2. **Event Tracking**

   - Events are sent to Snowplow (GitLab.com)

   - Each event contains: event name, property, label, value, and extra (JSON) fields

   - Important filtering/joining data goes in property/label/value columns

   - Additional data goes in extra field (less performant for queries)

#### 3. Event Registry

A centralized Go package manages all CA analyzer events:

- **Project**: [gitlab-org/security-products/analyzers/events](https://gitlab.com/gitlab-org/security-products/analyzers/events)

- **Purpose**: Single source of truth for event definitions

- **Reusability**: Shared between Gemnasium and DS analyzer

- **Maintainability**: Centralized event definitions reduce duplication

## Design Decisions

### 1. Observability Data in Security Reports vs. Separate Artifacts

**Decision**: Embed observability data directly in the security report rather than creating separate artifacts

**Pros**:

- Keeps related data together in one place

- Builds on existing security report infrastructure and the ingestion logic that defines how events are defined, processed and stored in Snowflake.

- Single artifact to manage and store

**Cons**:

- Slightly increases security report size

- Binds metrics to the report

- Requires additional work to collect data when the analyzer fails

### 2. Multiple Events vs. Single Monolithic Event

**Decision**: Create separate events for different data types (scan, SBOM, SR, features) rather than a single event containing all data

**Pros**:

- Reduces fields per event, improving query efficiency in Snowflake.

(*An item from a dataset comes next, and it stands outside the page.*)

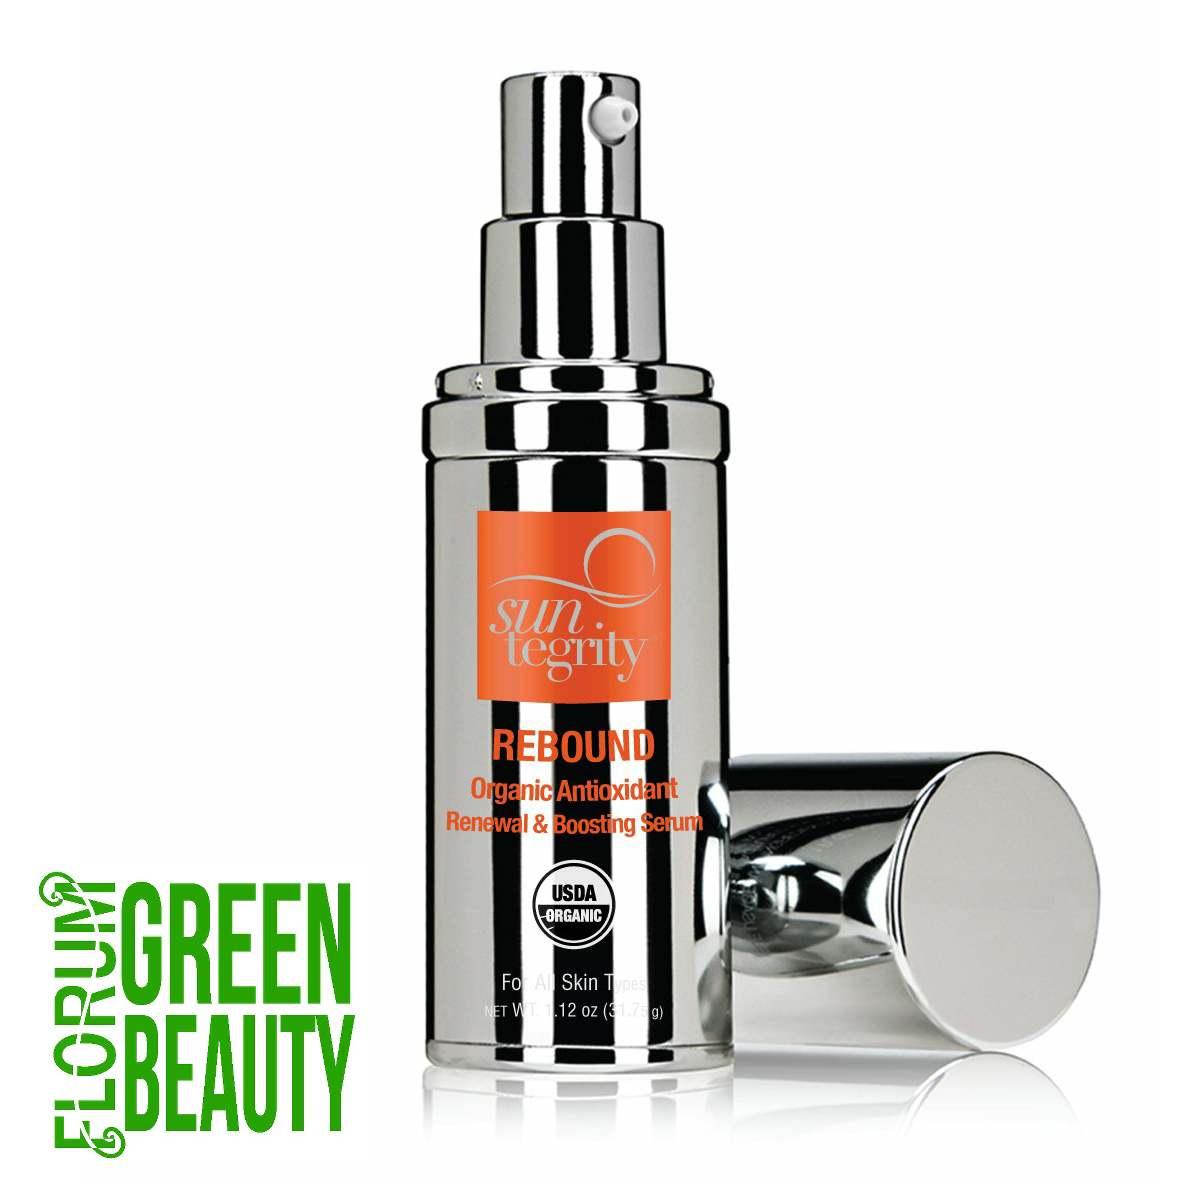 Suntegrity - Rebound Organic Antioxidant Renewal Serum

We try to avoid using custom event fields. 

- Allows independent scaling of different event types

- Easier to add new event types without modifying existing ones

- Better separation of concerns

**Cons**:

- Requires joining events using scan_uuid

- More events generated per scan

### 3. Event Data Storage: Fast Columns vs. JSON Extra Field

**Decision**: Store important filtering/joining data in property/label/value columns; Avoid as much as possible storing additional data in the extra JSON field

**Fast Columns** Every event is based on a base event class that contains three fields: 

- `property`: CA uses this field always for the scan_uuid (for joining related events)

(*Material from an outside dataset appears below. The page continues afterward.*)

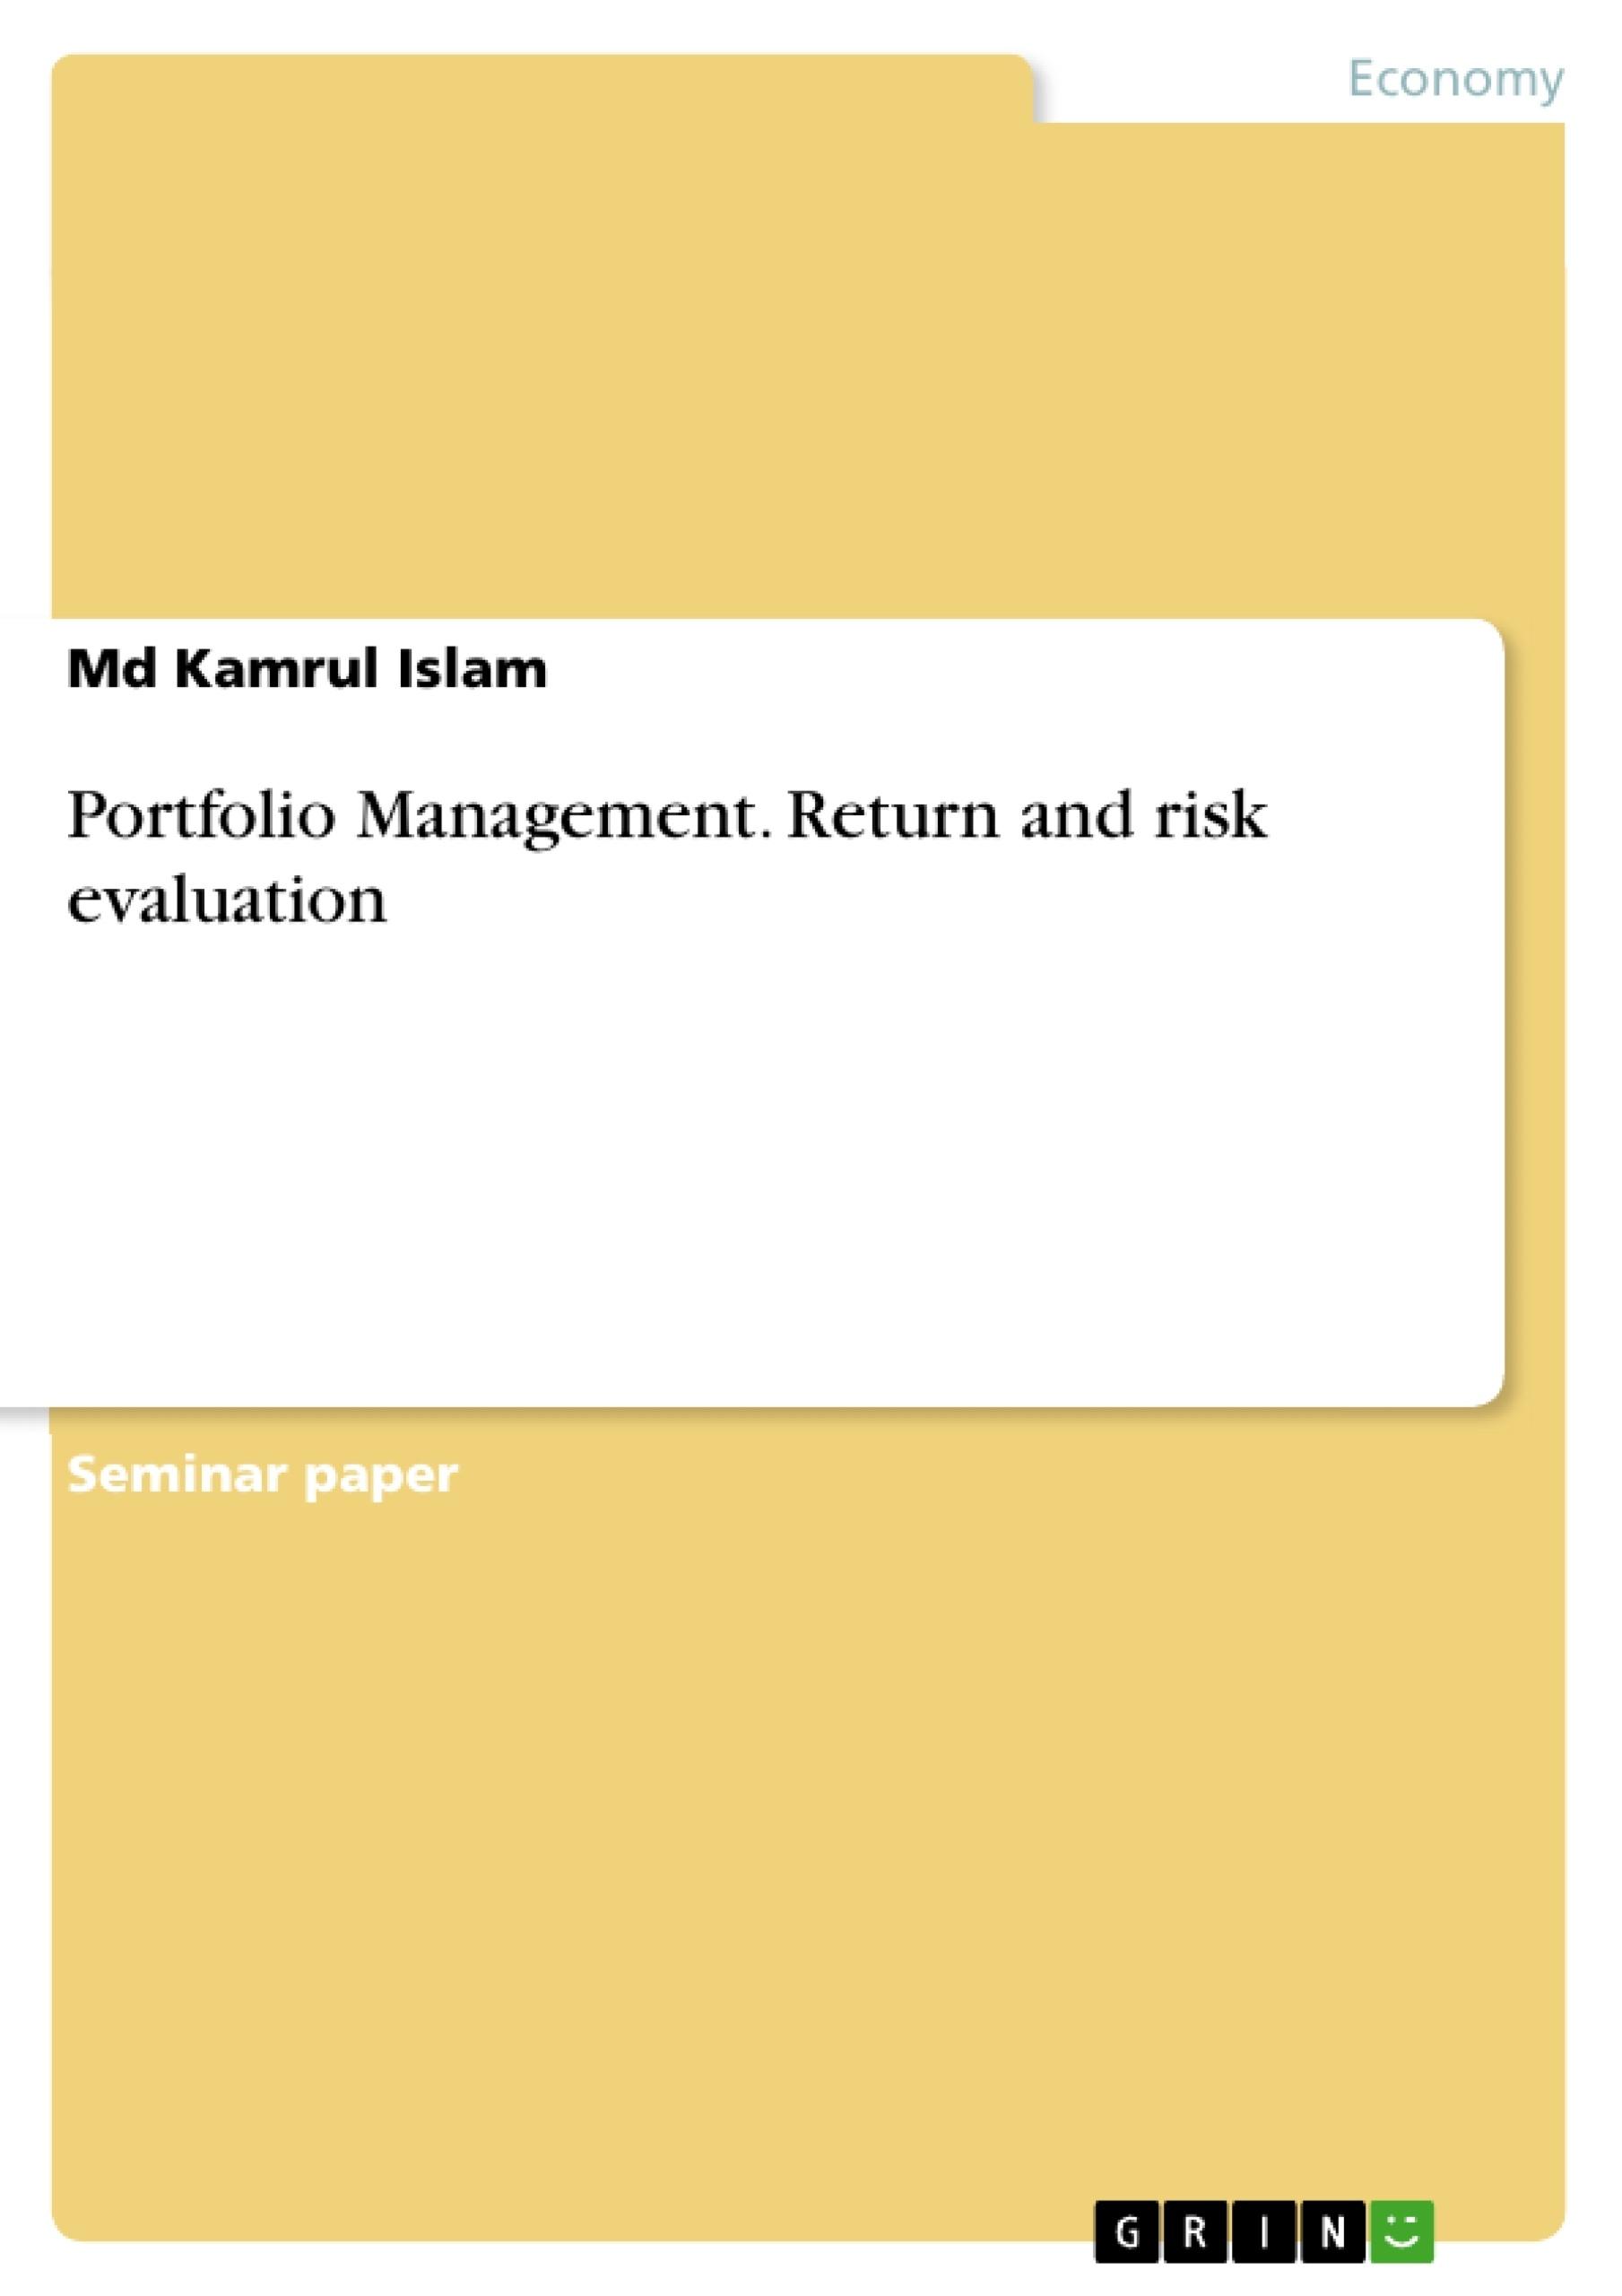 Title: Portfolio Management. Return and risk evaluation

- `label`: CA uses it for data like analyzer version, PURL type

- `value`: component count, execution time, vulnerability count

**Extra Field**: Events can include additional fields, which are stored in a jsonb column. Querying these extra fields is more resource-intensive than querying standard columns.

**Pros**:

- Fast filtering and joining on important dimensions

- Flexible for additional metrics without schema changes

**Cons**:

- Requires careful planning of what goes where

### 4. Centralized Event Registry vs. Distributed Event Definitions

**Decision**: Create a centralized Go package for all CA analyzer events

**Package**: [gitlab-org/security-products/analyzers/events](https://gitlab.com/gitlab-org/security-products/analyzers/events)

**Pros**:

- Single source of truth for event definitions

- Easier to discover available events

- Reduces duplication between analyzers

- Could facilitates reuse across AST groups

- Simplifies event versioning and changes

**Cons**:

- Adds complexity: changes require updates in 2 projects (event registry + analyzer)

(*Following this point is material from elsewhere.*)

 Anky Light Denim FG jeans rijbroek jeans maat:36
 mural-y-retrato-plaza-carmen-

- Adds a dependency between projects

### 5. Gemnasium Flavor Differentiation

**Decision**: Distinguish between the 3 Gemnasium flavors directly in the event names. This eliminates the need for a separate field to indicate which Gemnasium flavor the data refers to—the information is encoded in the event name itself.

**Flavors**:

- `gemnasium`

- `gemnasium-maven`

- `gemnasium-python` 

**Implementation**: Store flavor information in event name

**Pros**:

- Optimize event storage

**Cons**:

- Requires tracking multiple analyzer variants

## Future work 

Future work includes:

- **Failure event tracking:** We need to modify analyzers to generate vulnerability reports even when scans fail. This will enable us to collect failure metrics and, more importantly, build a system for capturing warnings and errors that can be surfaced to users. This capability will be particularly valuable for organization administrators monitoring scan health across projects.

- **Extending event coverage:** Implement similar event tracking for Container Scanning and Operational Container Scanning.